Abigail Adams to Isaac Smith Sr., 12 March 1787
Abigail Adams to Isaac Smith Sr.
London March 12th 1787
My dear sir
I have sent by Captain Scott the Books you wrote for,1 and if there is any thing else in which I can serve either you or my cousins, I shall be happy to do it—
it is with much pleasure I learn that my cousin W.S. is like to be so pleasingly connected, and with a family to whom both you, & my Late parent, were much attached by a long accquaintance, and established Friendship.2 Educated under virtuous parents, & possessing an amiable dispositions are pleasing presages, of a happy union: they have my best wishes for their prosperity. I thank you sir for extending to my Children, the same indulgence, you and my late dear Aunt confered upon me. your House was always the habitation of Hospitality; and ever seemed to me a Home. tho I doubt not of your continued kindness; it can never be to me what it once was; the loss we have both sustained, cannot be repaired.
By way of Newyork we have received accounts of General Lincolns success in dispercing the insurgents. I fear my Countrymen do not know, properly to estimate the blessings they enjoy. if they are harder-prest by publick burdens than formerly,3 they should consider it as the price of their freedom. if Britain had succeeded against us, the same scenes would probably, have taken place, as have been acted in India, for we have no reason to doubt but that England could have produced more than one Hastings—4
Mr Adams is seriously determined to return Home, & has informd Congress of his design.5 since England has wholy forgotten that Such a place as America ever existed, it is a pitty to take any pains to refresh their memory; every Member in the House of commons Majority and minority studiously avoid the subject, & when it was forced upon them by the publication of monssieur de callone Letter; they noticed it only, as a proof of the subtlety and duplicity as they termd it, of the Court of France, & gave America the go by 6
By all accounts from America your winter has been terrible.7 I hope you have had snow enough to suffice for several. I know not how I shall bear the Heats and colds, after an abscence of three years. the season has been uncommonly mild here, and the Trees have already budded & are bursting into Blosom. the verdure is equal to june with us.8 this has commonly been called a foggy Island. it is true that the Smoke of the city creates a fog, but go only one mile into the Country, and you will have as fine weather, and clear a sky as we can boast in America nor do I think the climate more Subject to fogs, if the manners of the people, were as pure as their Air, no one would have reason to complain.
please to present my regards to mr & mrs otis to cousin Betsy & the mr Smiths. mr Vassel and family drank tea & spent the Evening, with us last week. they inquired very kindly after you, so did mr John Boylstone who was my Gallant during my stay at Bath. he bears his age surprizingly well. mr storers family I hope are well; I am indebted to Charles, will write him soon
I am dear sir with Sentiments of Esteem and affection—your Neice
A Adams
RC (MHi:Smith-Carter Family Papers); addressed by WSS: “To— / Isaac Smith Esquire / Boston—”; notation by WSS: “favd. by / Capt.
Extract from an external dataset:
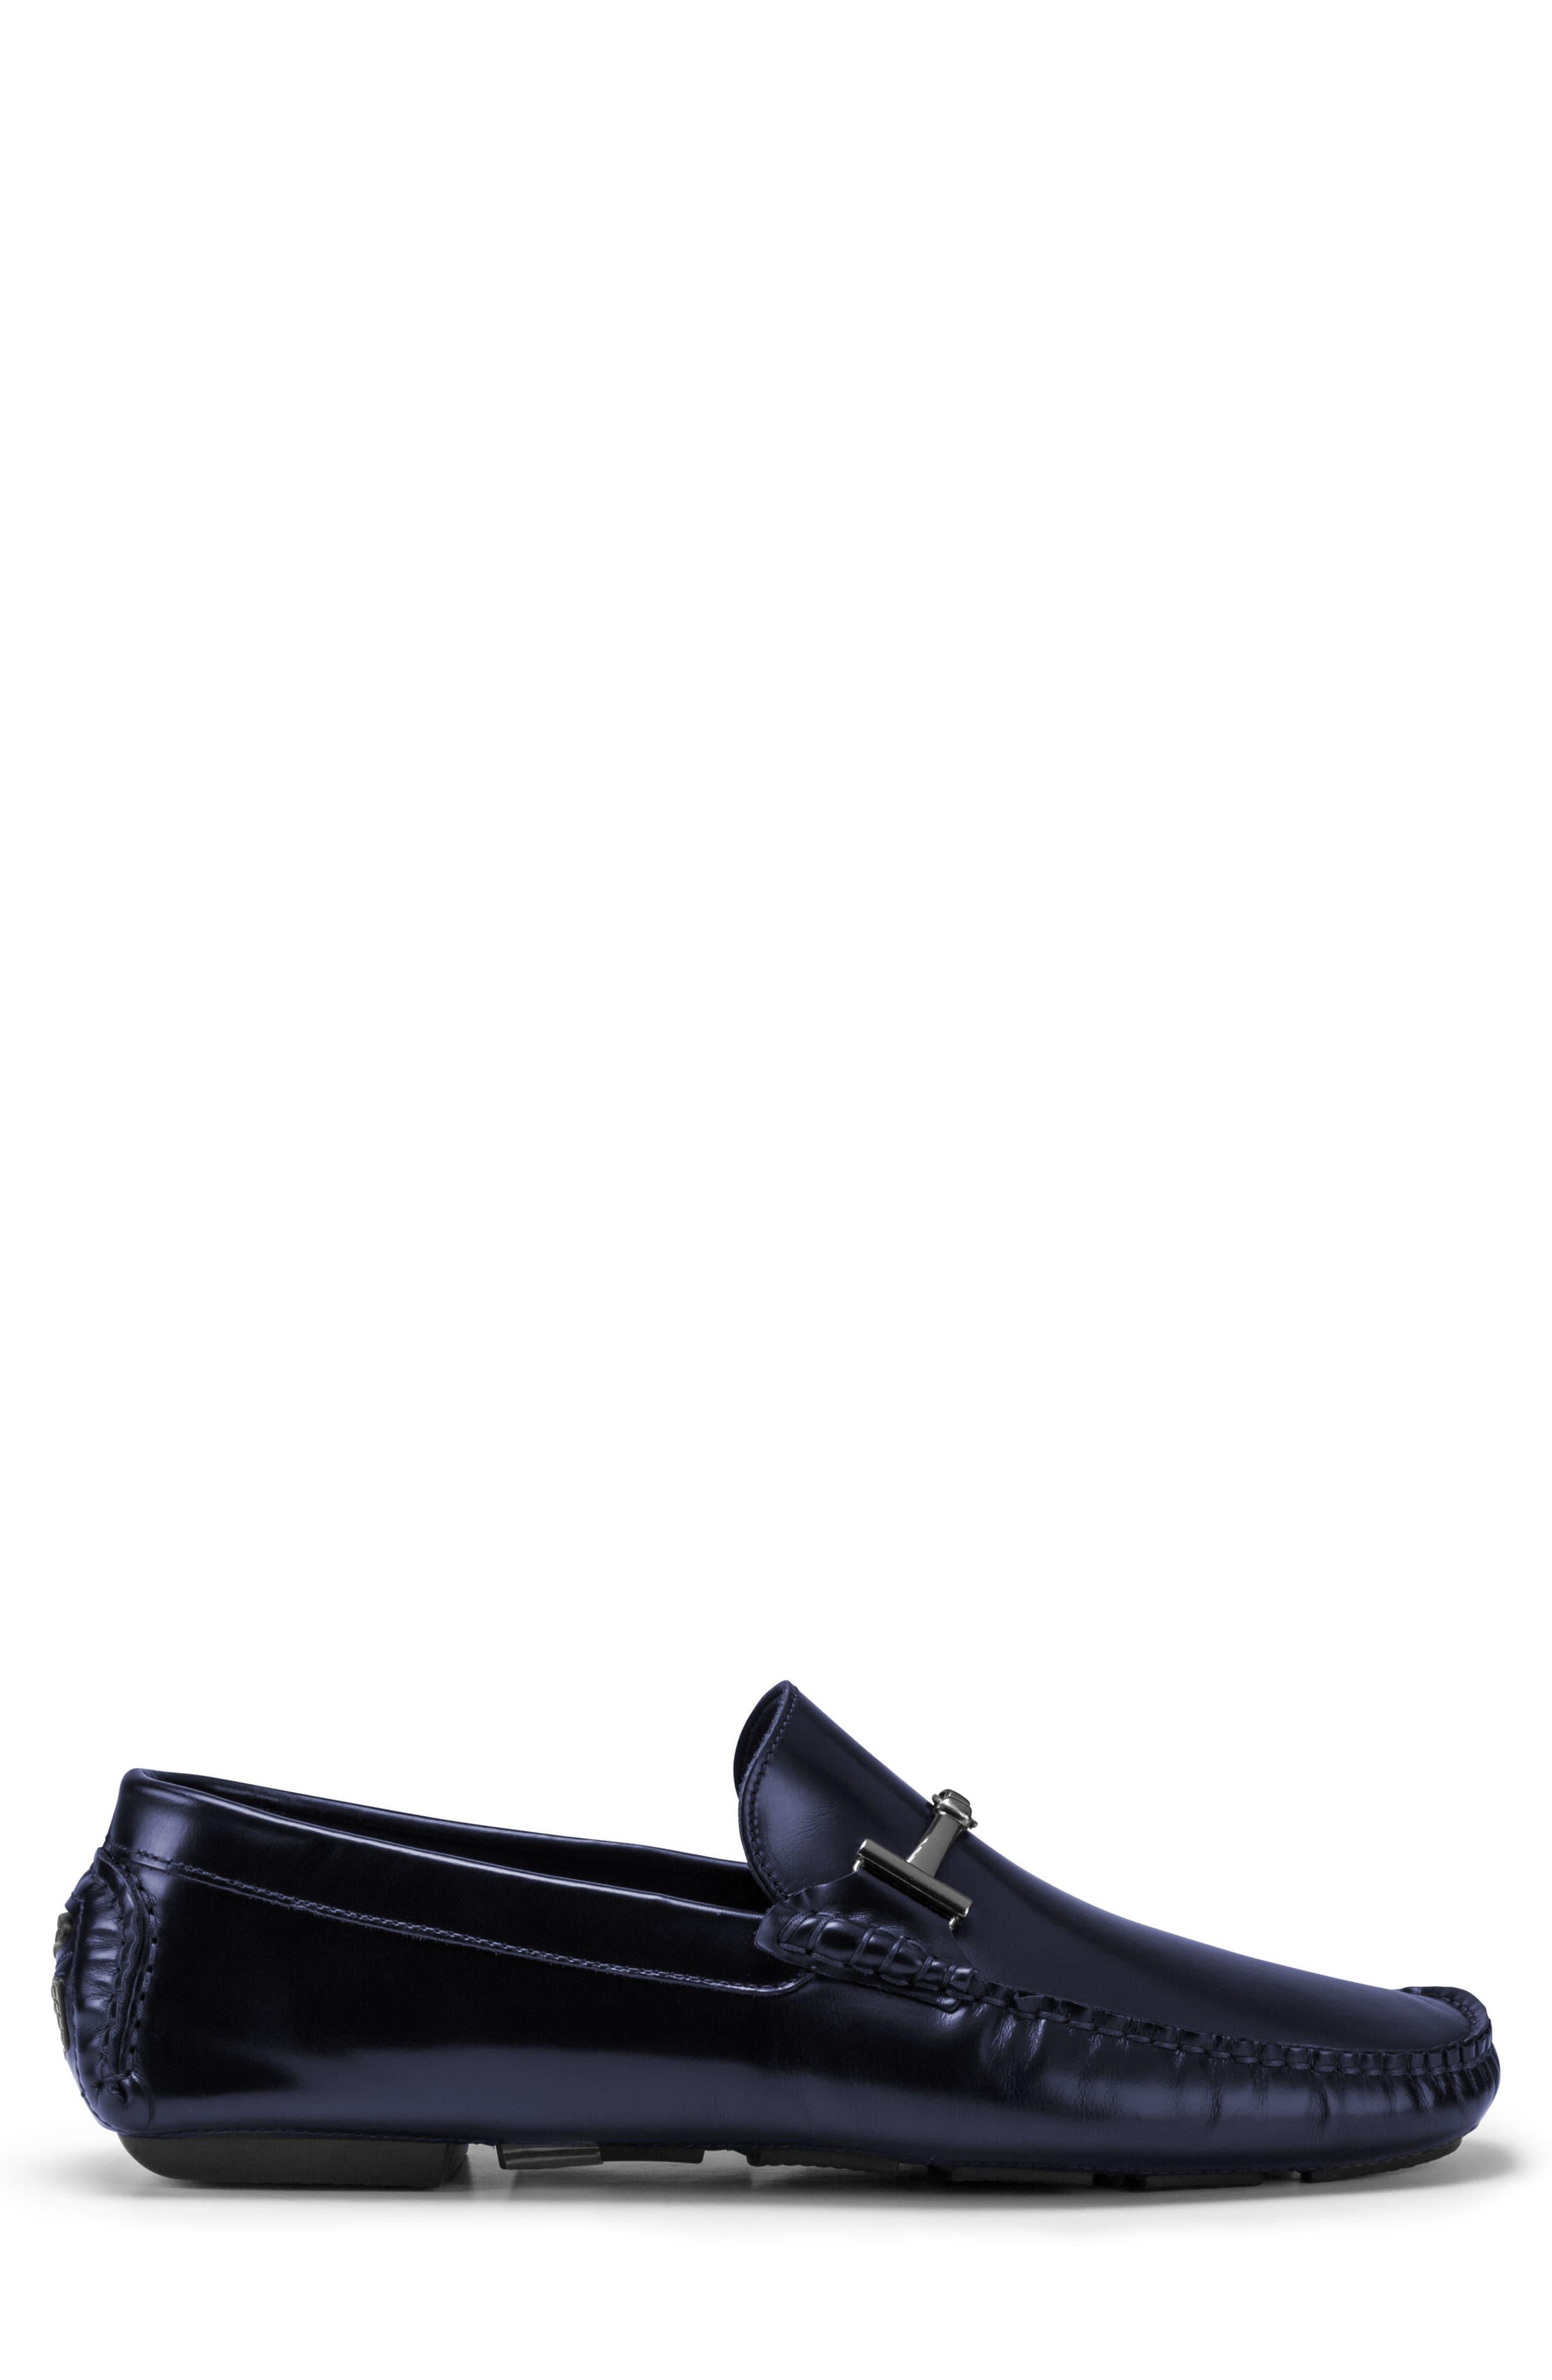 St. Tropez Driving Shoe,                             Alternate thumbnail 3, color,                             Blue Leather

Scott.” Dft (Adams Papers), filmed at [1787].
1. Not found.
3. In the Dft, AA completed the paragraph with the following: “Still they have bread to eat & rayment to cloath them, provided they will labour—let only behold the poor of Europe, & they would have reason to be Silent.”
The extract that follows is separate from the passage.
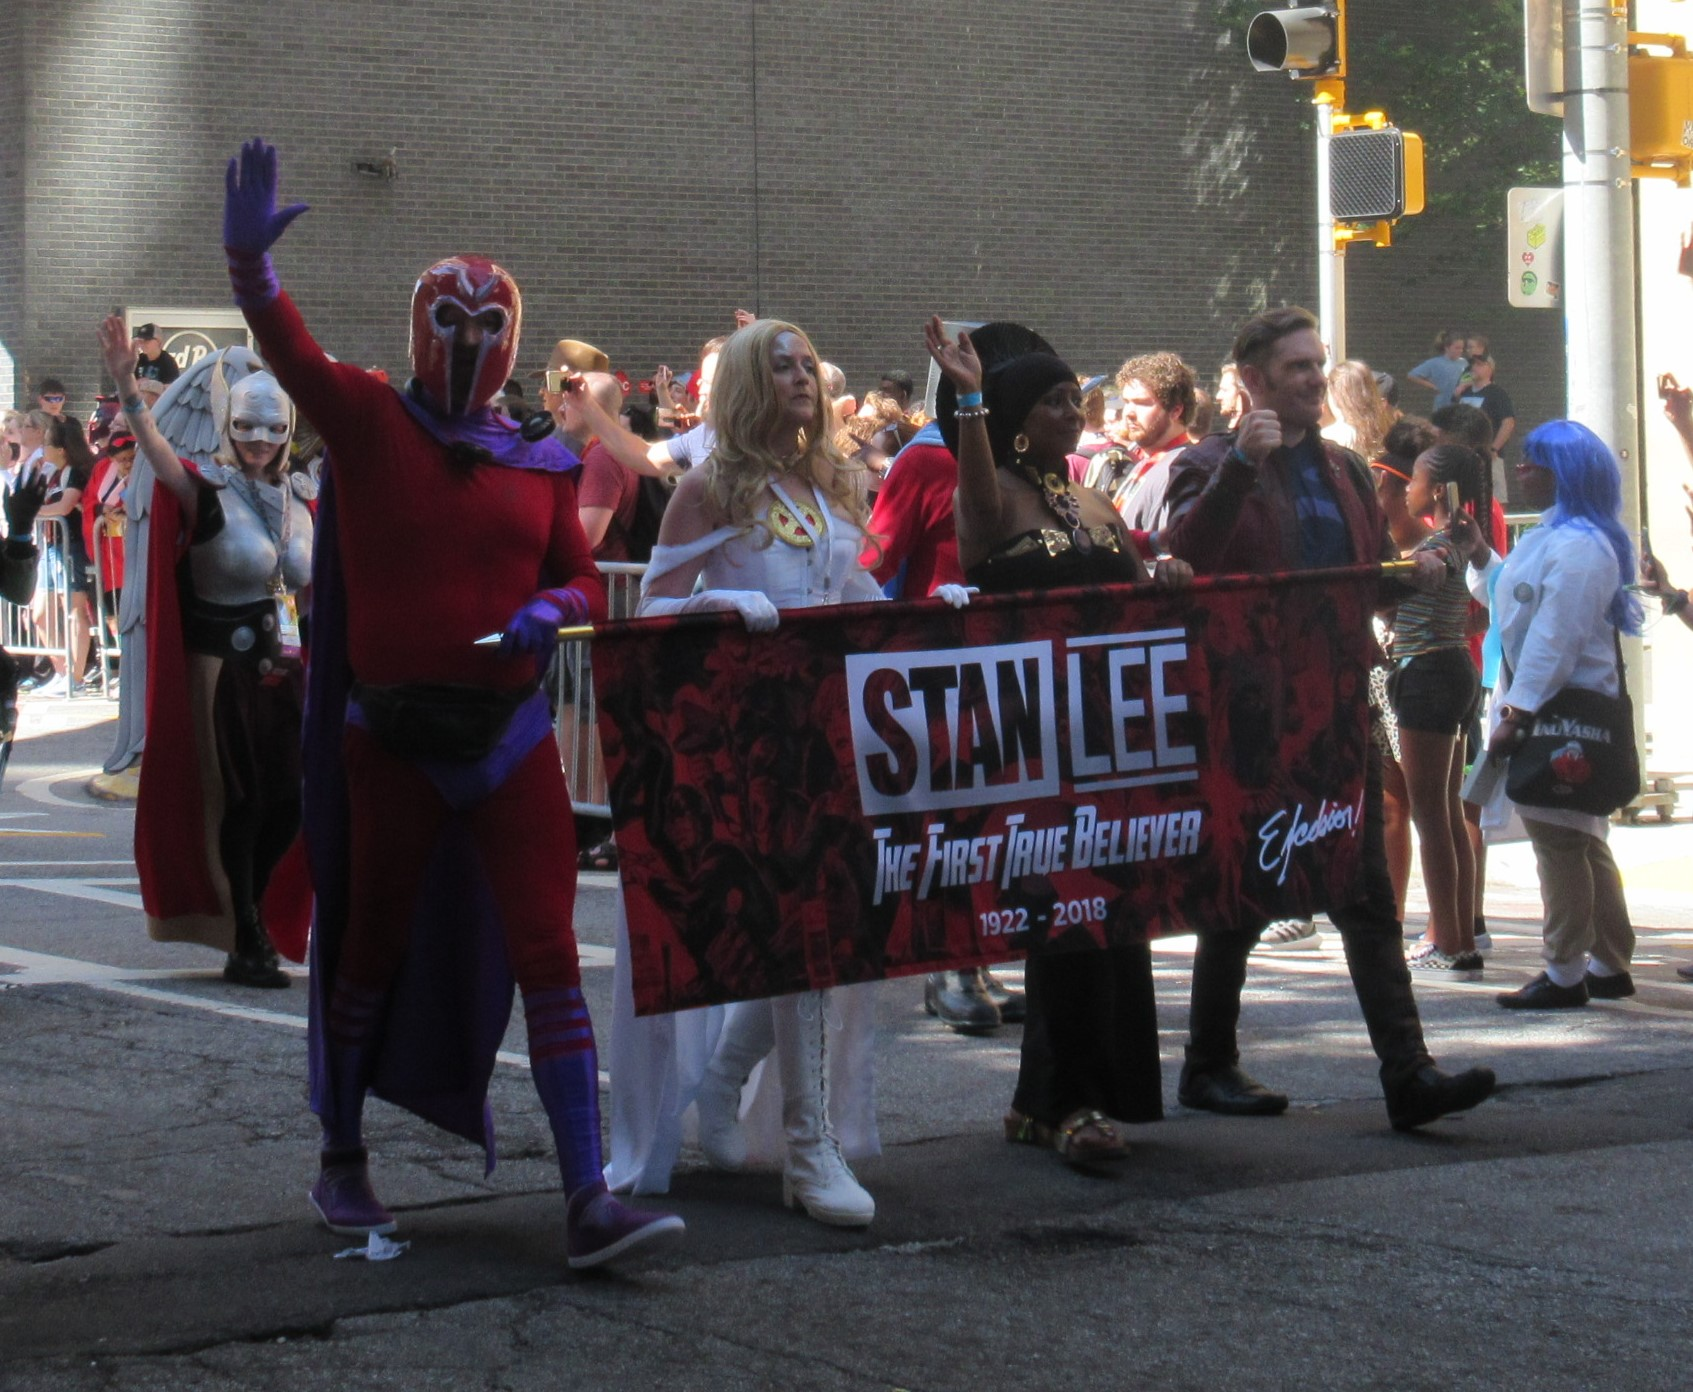 Dragon Con 2019 Photos #4: Still More Cosplay on Parade « Midlife Crisis Crossover!

4. For Warren Hastings, former governor-general of British India, and his trial for corruption, see Descriptive List of Illustrations, No. 6, above.
6. Charles Alexandre de Calonne, comptroller general of the finances of France, sent a letter on 22 Oct. 1786 to Thomas Jefferson detailing a plan for improved commercial relations between the United States and France. The letter was published in the New York Independent Journal, 30 Dec., and read before the British House of Commons in late Feb. 1787, after which it was reprinted in the London newspapers ( , 1:827–829; London Daily Universal Register, 23 Feb.).
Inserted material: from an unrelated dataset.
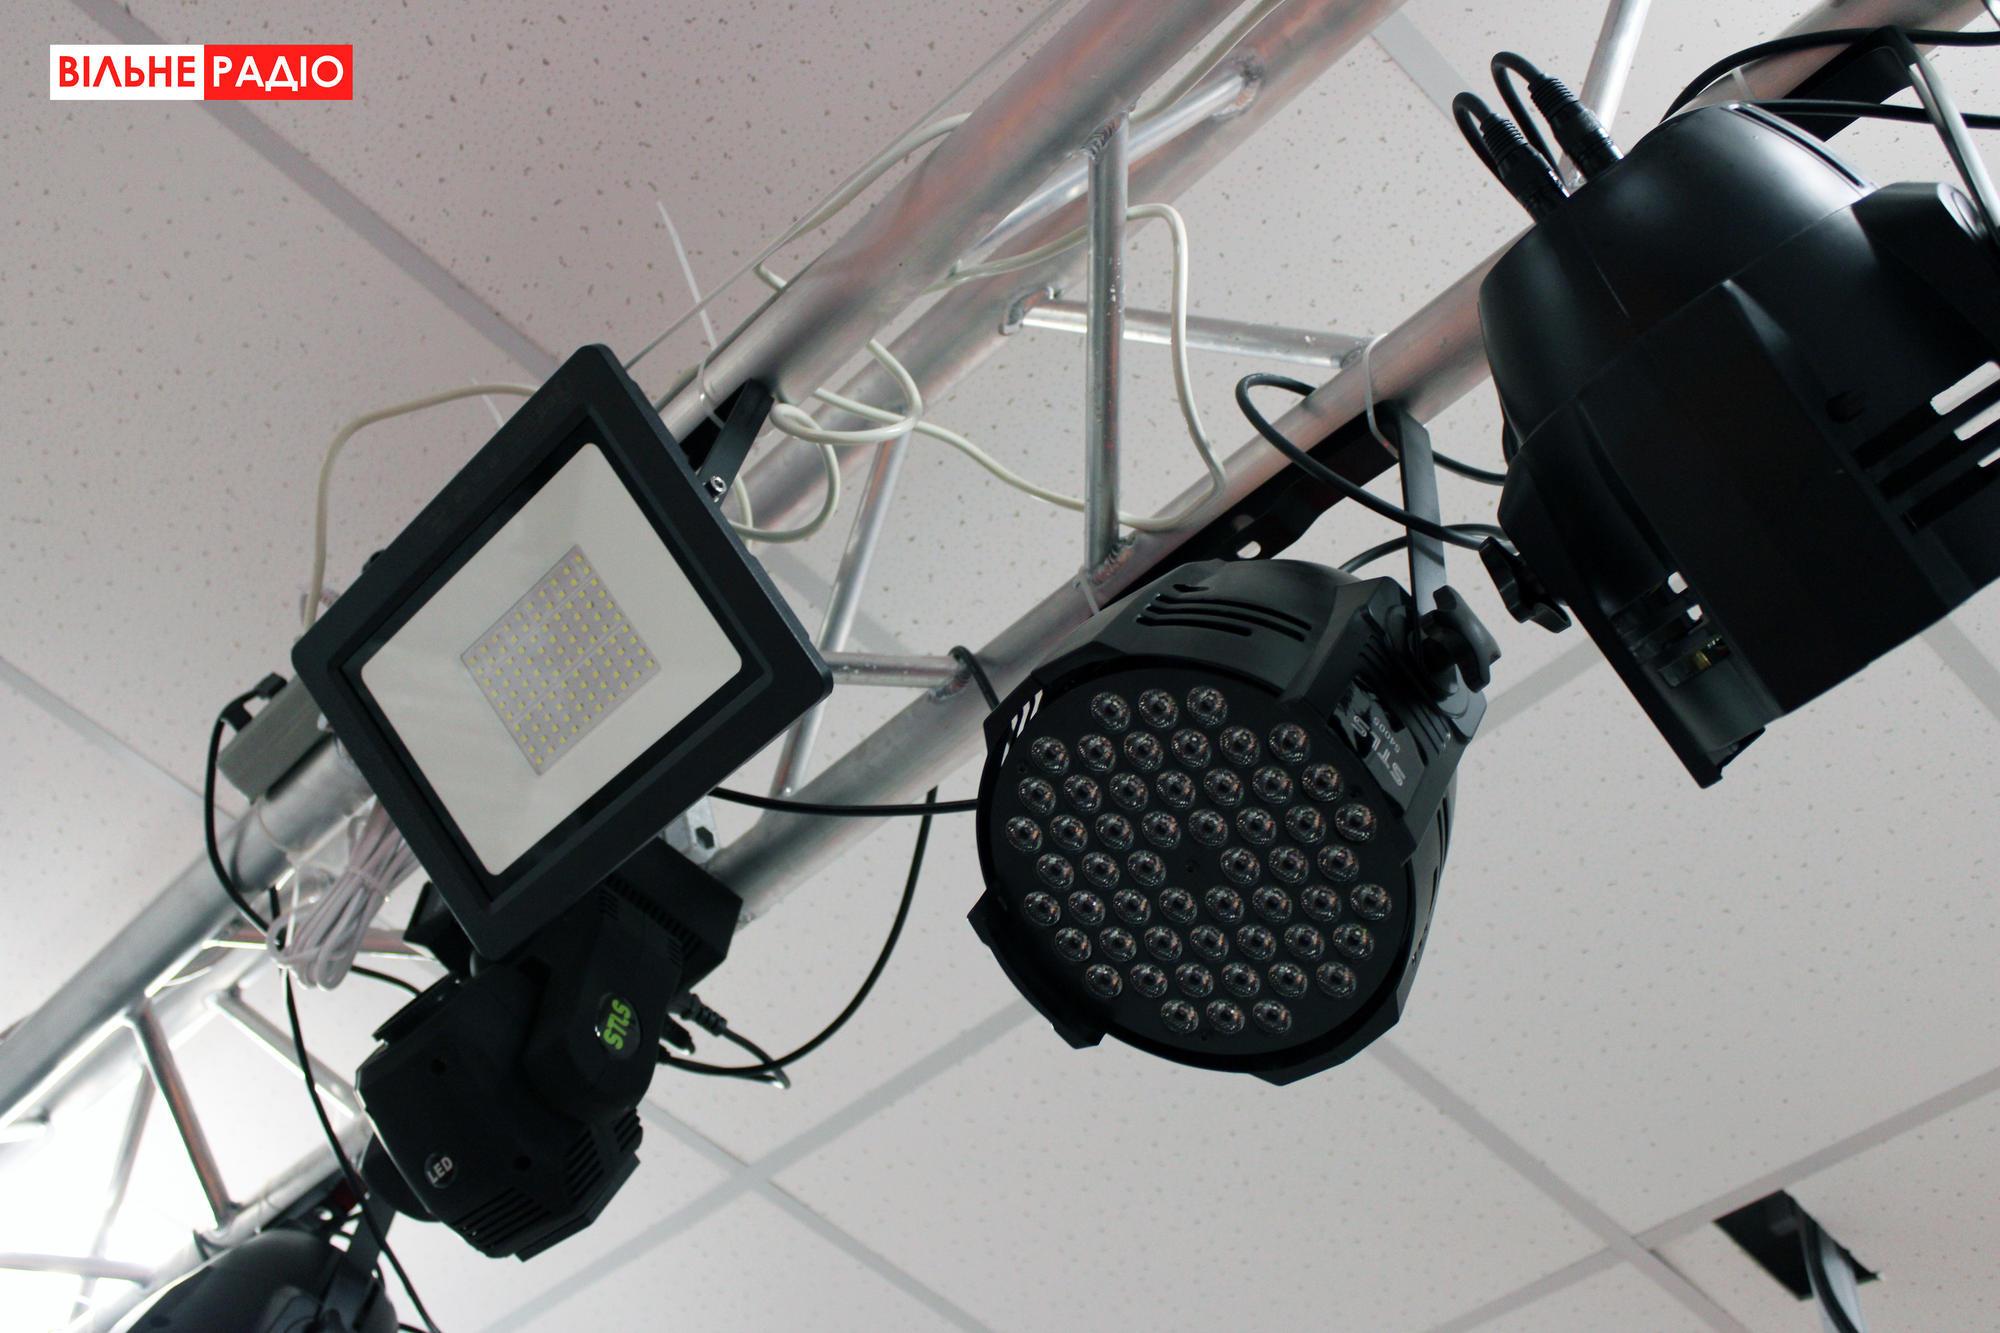 Оборудование, с коротым работают ильиновские актеры

7. The winter of 1786–1787 in the Northeast was notable for three early and very heavy snowstorms in December. Boston, Nantucket, and Newport were badly damaged, and all of eastern Massachusetts experienced severe cold (David M. Ludlum, Early American Winters, 1604–1820, Boston, 1966, p. 68–72). See also vol. 7:400, 401–402, 421, 434, 458, 460; , 2:136–139.
8. At this point in the Dft, AA included the following: “but most people fear that the fruit will be cut of.”